Algumas mães produzem mais leite do que o bebê precisa e assim as mamas podem ficar muito cheias e doloridas. Se isto acontecer: é preciso esvaziar as mamas da seguinte maneira:

 

Se mesmo tomando todos os cuidados os mamilos racharem, é necessário interromper a amamentação até que sarem. Enquanto isso, é preciso esvaziar os seios regularmente, com uma bombinha própria ou com os dedos. O leite retirado deve ser dado ao bebê com uma colherzinha. (nunca com mamadeira). O leite materno pode ficar na geladeira por 24 horas.

Alguns bebês são sossegados e até parecem não se interessar muito por mamar. Com isso, os seios podem ficar "empedrados". O empedramento já estabelecido pode ser aliviado por compressas quentes e massagem (feita da periferia para o bico dos seios) e esvaziamento do peito.

A mulher deve esquecer aqueles mitos do tipo: "Amamentar faz o busto cair" ou "Não se tem muito leite porque os seios são pequenos". Tais mitos não tem nenhum fundamento. Há mães que amamentaram durante um longo período sem interrupção e conservaram o busto firme.

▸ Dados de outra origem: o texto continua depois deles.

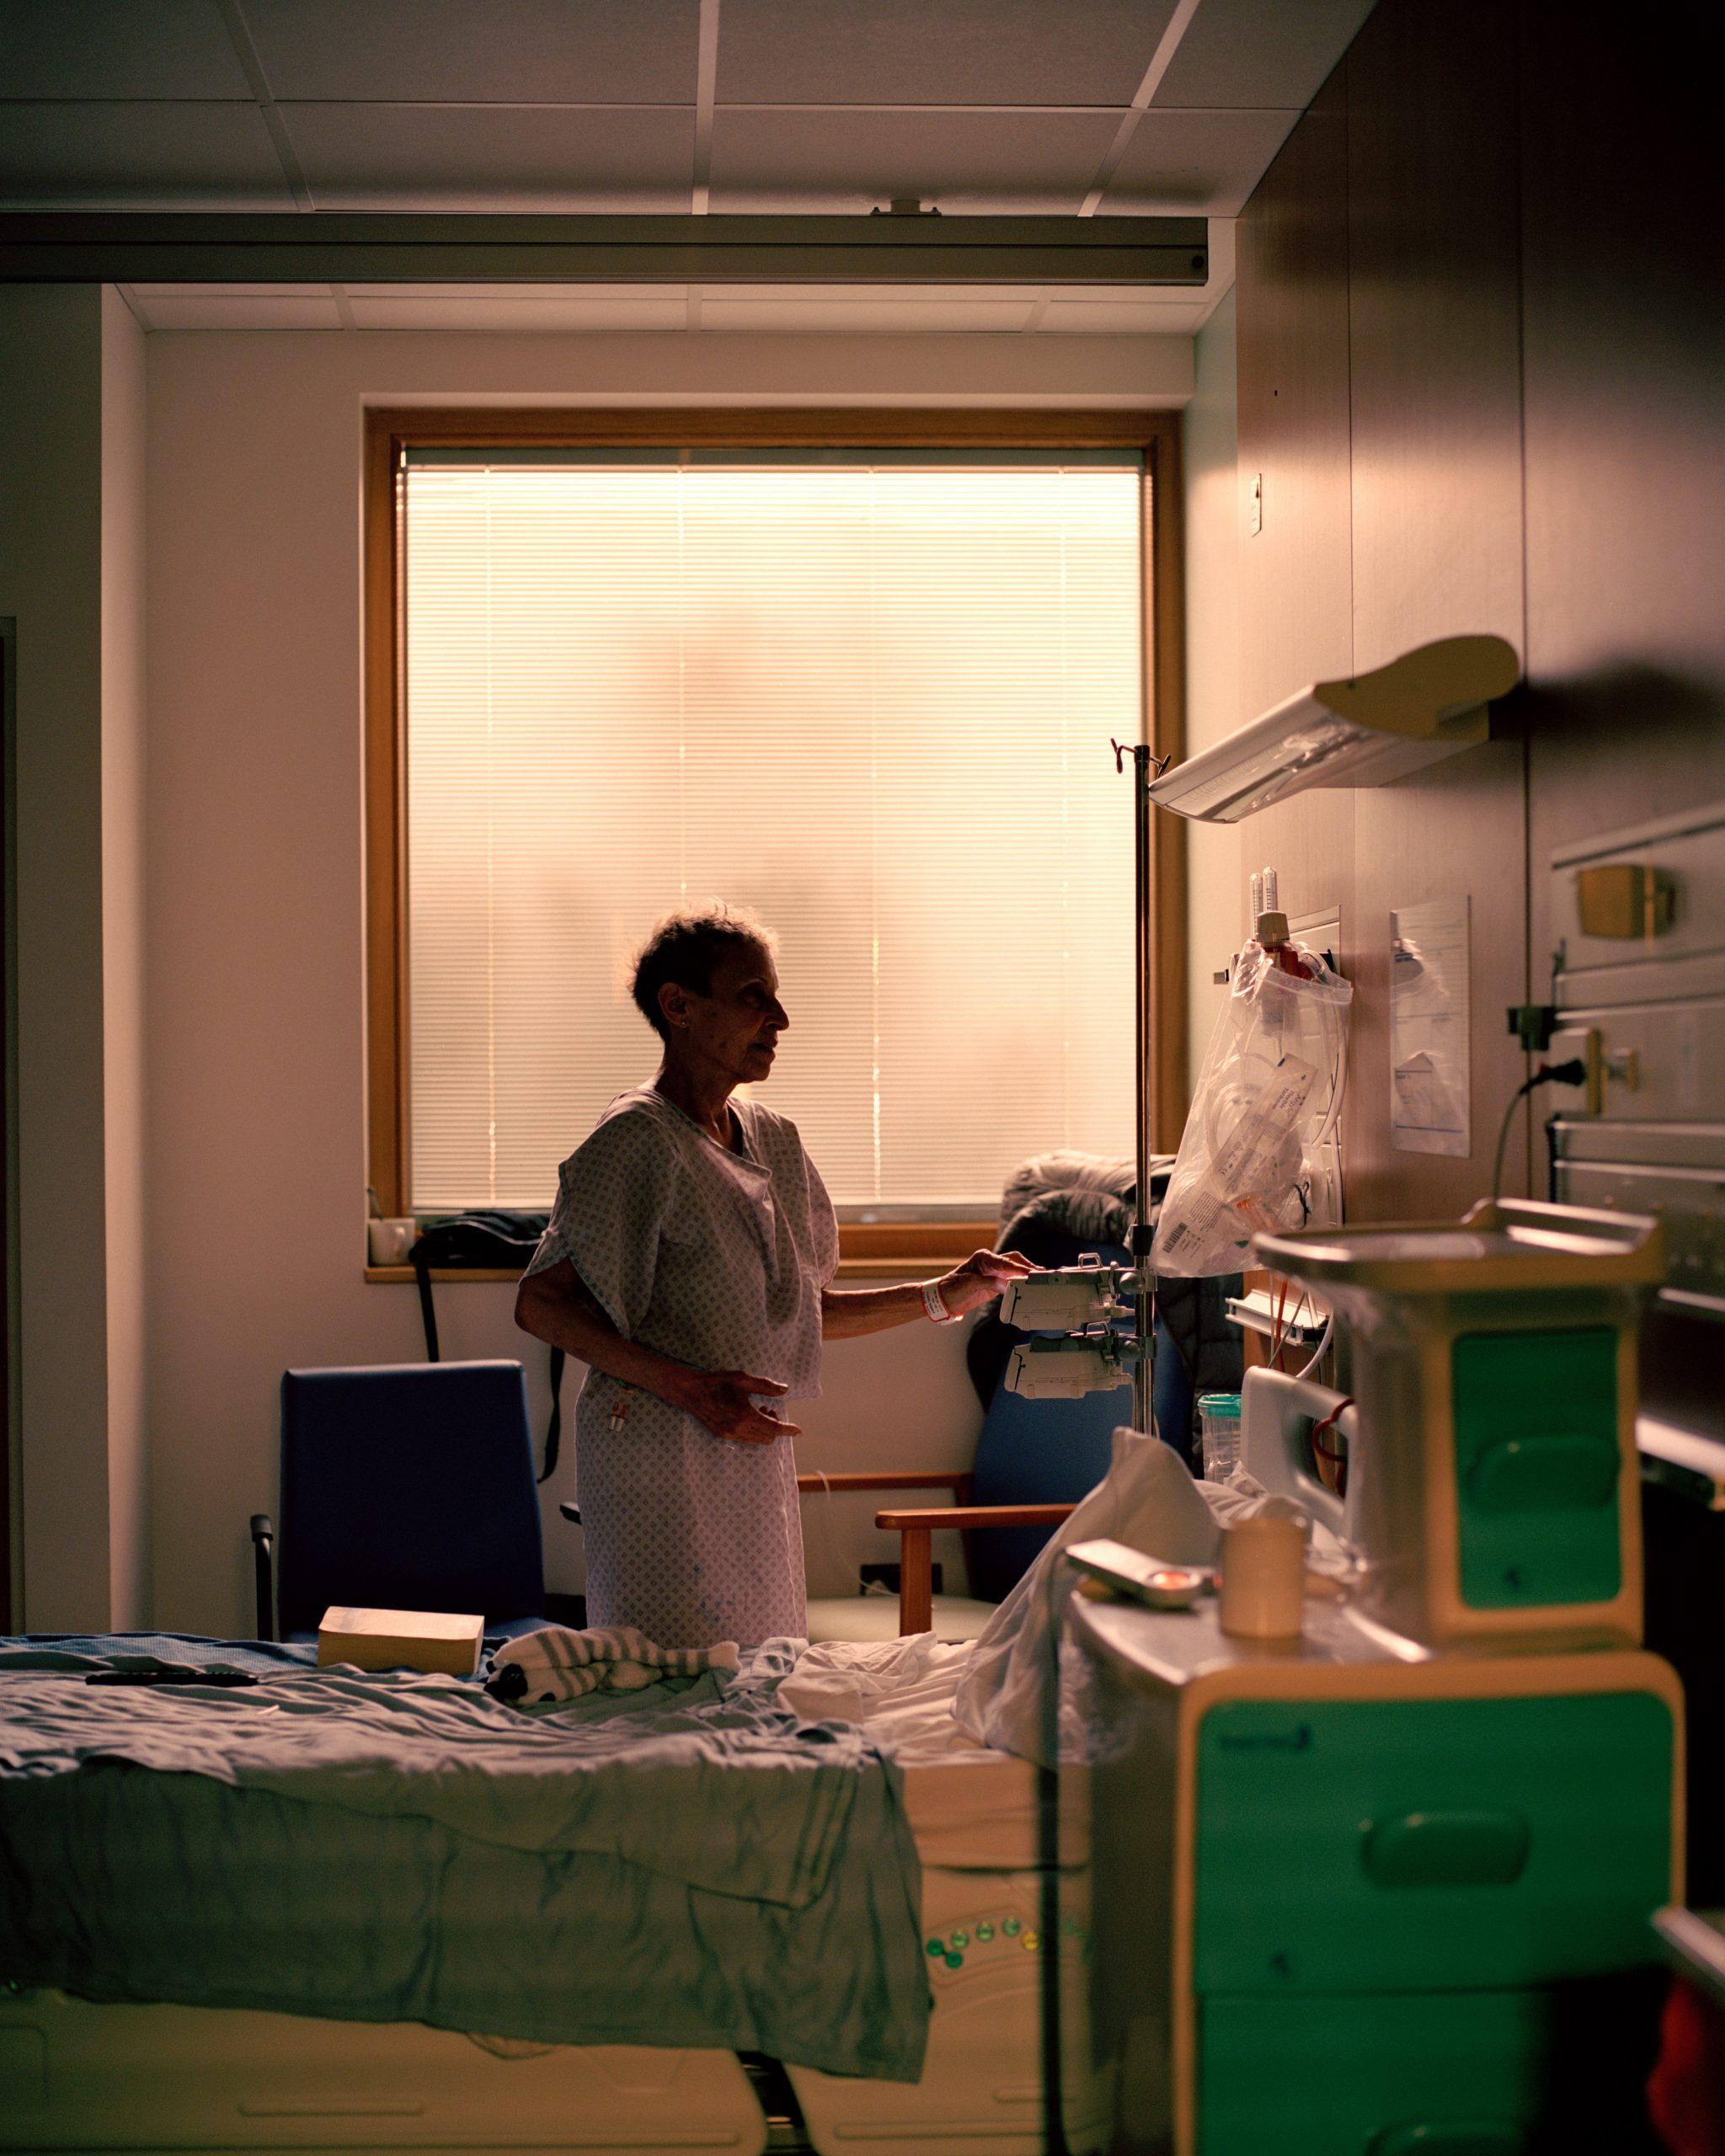 Lewis Khan, Theatre, Patient room

Existem mulheres que nunca amamentaram e têm os seios flácidos. Os efeitos da distensão mamária na gravidez e na lactação podem ser reduzidos evitando-se engordar demais na gestação e usando um sutiã firme e bem ajustado assim que os seios começarem a crescer. O tamanho do busto é determinado pela quantidade de gordura. O número de glândulas mamárias (estruturas que produzem o leite), é praticamente igual em todas as mulheres. Portanto, a produção de leite nada tem a ver com o tamanho dos seios.

 

Não pare de amamentar

Fala-se muito sobre a importância da amamentação até os seis primeiros meses de vida do bebê mas, infelizmente, pouco se divulga até quando se deve alimentar o bebê com o leite materno. O texto a seguir tem como objetivo, esclarecer as futuras mamães quanto à necessidade da amamentação após os seis meses.

Conforme a Organização Mundial de Saúde, a amamentação é essencial no primeiro ano de vida mas, de preferência, deve continuar até a criança completar dois anos ou mais. A amamentação é importante em todo este período, para manter a qualidade do vínculo emocional mãe e filho e continuar protegendo a criança de organismos estranhos que possam causar algumas infecções e processos alérgicos. De acordo com os especialistas, as defesas próprias da criança amadurecem aos poucos e com menos traumas se ela continuar a receber, por um bom período, as proteínas, enzimas e anticorpos da mãe. Formando um escudo contra diarréias, alergias, otites e infecções respiratórias, entre outras coisas, o leite materno defende a criança que, assim, reserva energia para combater outros agentes externos aos quais, inevitavelmente, estará exposta em seus primeiros anos de vida.

A mulher deve entender que a grande vantagem de se amamentar a criança até 1, 2 anos ou mais, é que o aleitamento deixa de ser uma obrigação para se transformar num momento de grande prazer. Já não é preciso mais levantar de madrugada nem estar disponível de três em três horas. O ritmo e freqüência da amamentação depois dos seis primeiros meses são estabelecidos por mãe e filho e variam de dupla para dupla.

Por incrível que pareça, ainda há mulheres que deixam de amamentar seus filhos muito cedo para evitar falatórios, do tipo: "caramba, um garotão desse tamanho ainda mamando!". As mães não devem se incomodar com tal tipo de falatório nem se envergonhar de amamentar seus filhos, quando já crescidinhos. As outras pessoas é que devem lembrar que a amamentação, além de ser muito importante para a saúde e o desenvolvimento da criança, é um ato de amor entre mãe e filho.